After laying out the intuition, the tutorial shifts to a practical goal: building a simple RNN from scratch using TensorFlow/Keras. The main challenge isn’t the model code—it’s shaping data into sequences with targets. To keep things easy, the example uses the MNIST dataset and treats each 28×28 image as a sequence of 28 rows, where each row is a time step. That means the model sees 28 steps per sample, each step containing 28 pixel values.
The model is assembled as a Keras Sequential network with stacked LSTM layers (128 units in the first LSTM, then another LSTM with 128 units). Because the second recurrent layer needs the full sequence, the first LSTM uses return_sequences=True. Dropout layers are added to reduce overfitting, followed by dense layers: a 32-unit dense layer and a final dense layer with 10 outputs using softmax for digit classification.

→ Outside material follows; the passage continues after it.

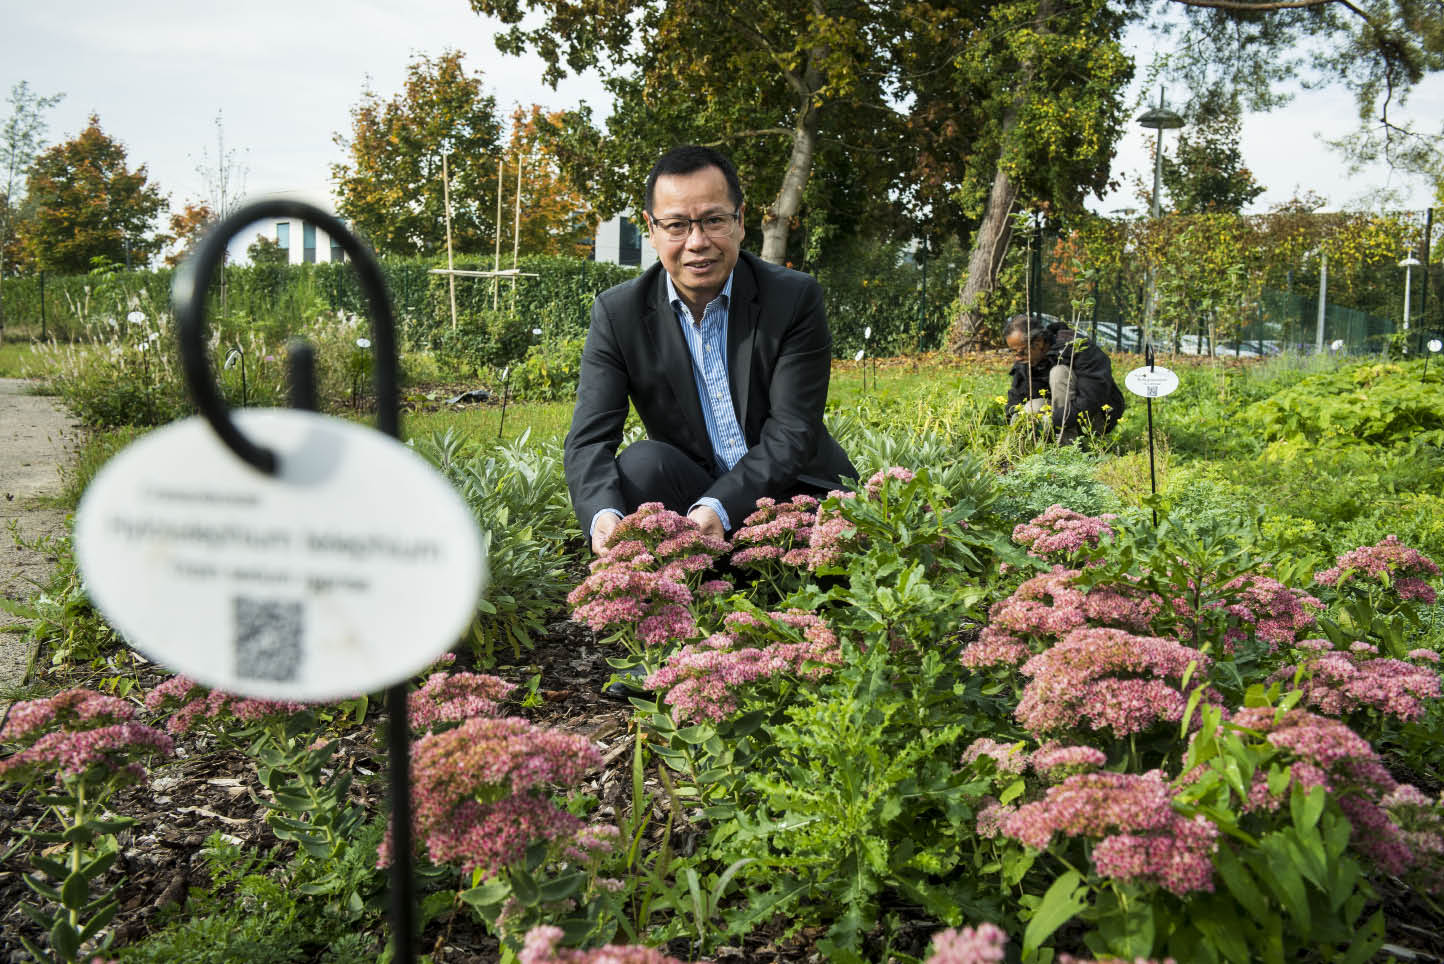 Le Docteur Yulin Jiang cultive son jardin botanique autour de l'usine. © Dorothée Parent

Training initially runs poorly and slowly, with accuracy not improving and loss not trending downward. The transcript identifies a key issue: the input images weren’t normalized to the 0–1 range. After scaling X_train and X_test by dividing by 255, learning accelerates dramatically and accuracy climbs quickly. The tutorial also highlights performance differences between LSTM implementations: switching to the GPU-optimized “CuDNNLSTM” (with tanh-based behavior) yields much faster epochs and reaches strong validation performance within the same number of epochs.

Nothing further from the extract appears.